The device received a first-of-its-kind approval from the U.S. Food and Drug Administration (FDA) for the ECG features, granting it "De Novo" classification. Dr. Ivor Benjamin, M.D., the president of the American Heart Association, appeared at the unveiling event, calling the device "game-changing."

I've fallen, and I can't get up

One of the more surprising new features on the Watch is the ability to detect falls. Apple added a next-generation accelerometer and gyroscope as well as custom algorithms that can detect when a person has slipped, tripped, or fallen.

The device analyzes wrist trajectory and impact acceleration and then sends the user an alert.

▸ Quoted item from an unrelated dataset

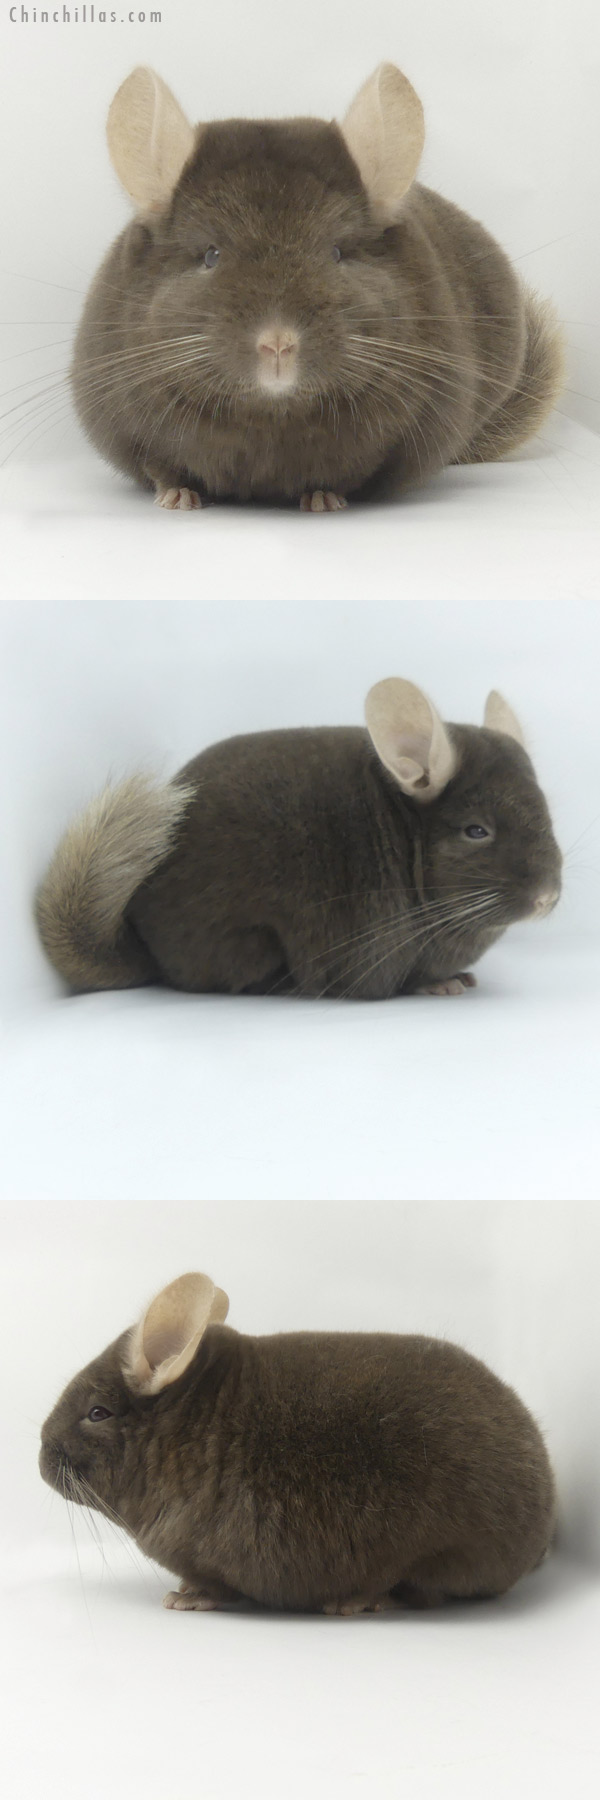 Chinchilla or related item offered for sale or export on Chinchillas.com - 19463 Premium Production Quality Dark Tan Female Chinchilla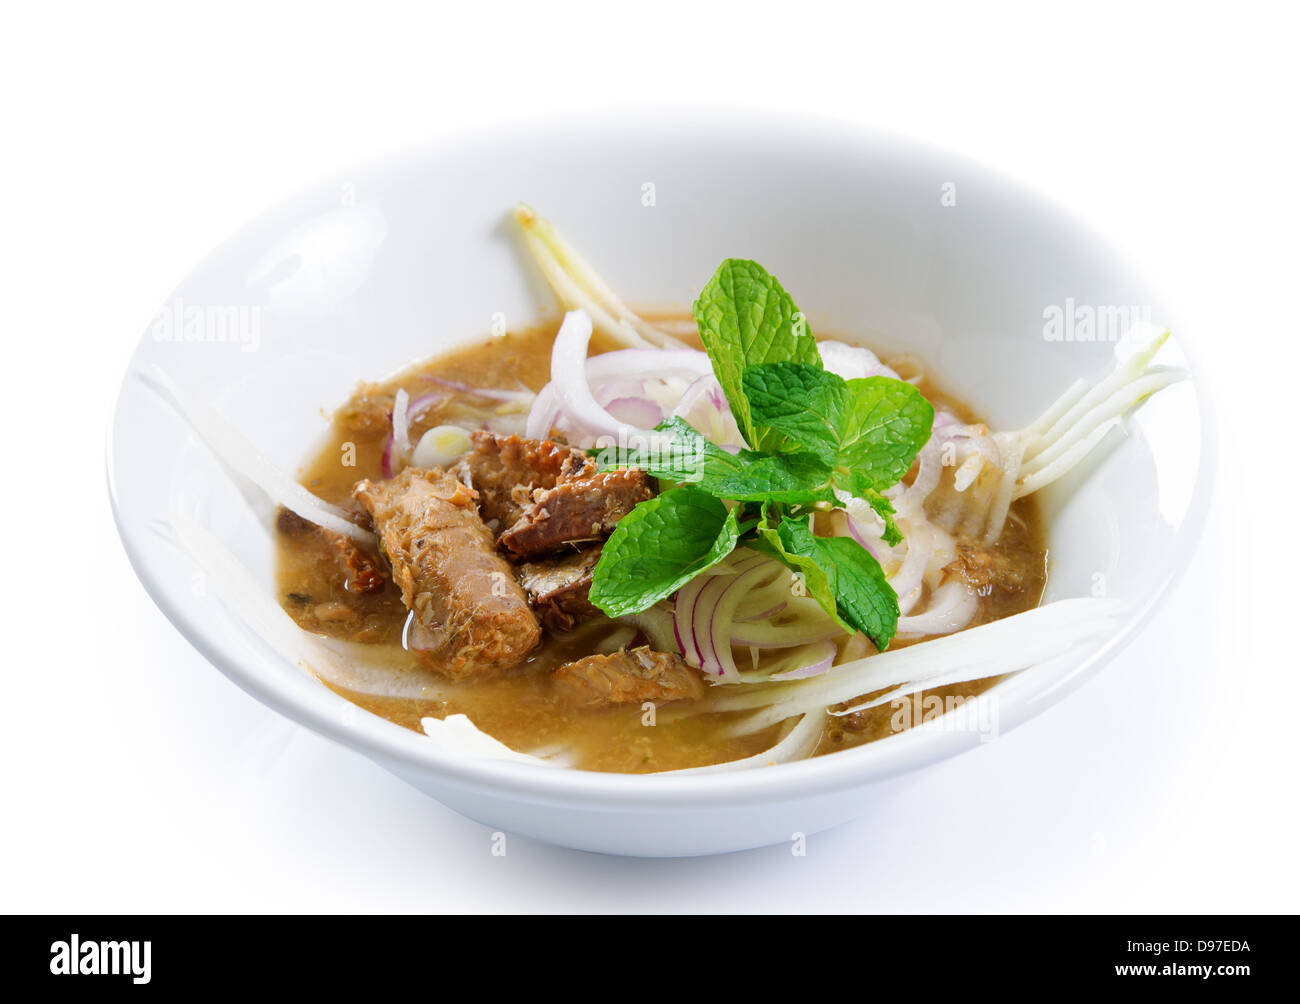 Assam or asam laksa is a sour, fish-based soup. Delicious traditional Malay dish, malaysian food, Asian cuisine. Stock Photo

If that alert isn't dismissed or the Watch senses the wearer has not moved for 60 seconds after the fall, it automatically contacts emergency services, as well as notifying the user's emergency contact.

Apple Watch with a notification "It looks like you've taken a hard fall" and response options "Emergency SOS" or "I fell, but I'm OK."

Image source: Apple.

Increasing interest in heart health

The improved health-related capabilities of the latest Apple Watch are part of a broader move by the Cupertino company into healthcare. Apple was recently looking to hire engineers for its Health Sensing Hardware segment to process the data collected by its various health and fitness related sensors.

The capabilities of the Apple Watch Series 4 are a ground-breaking next step.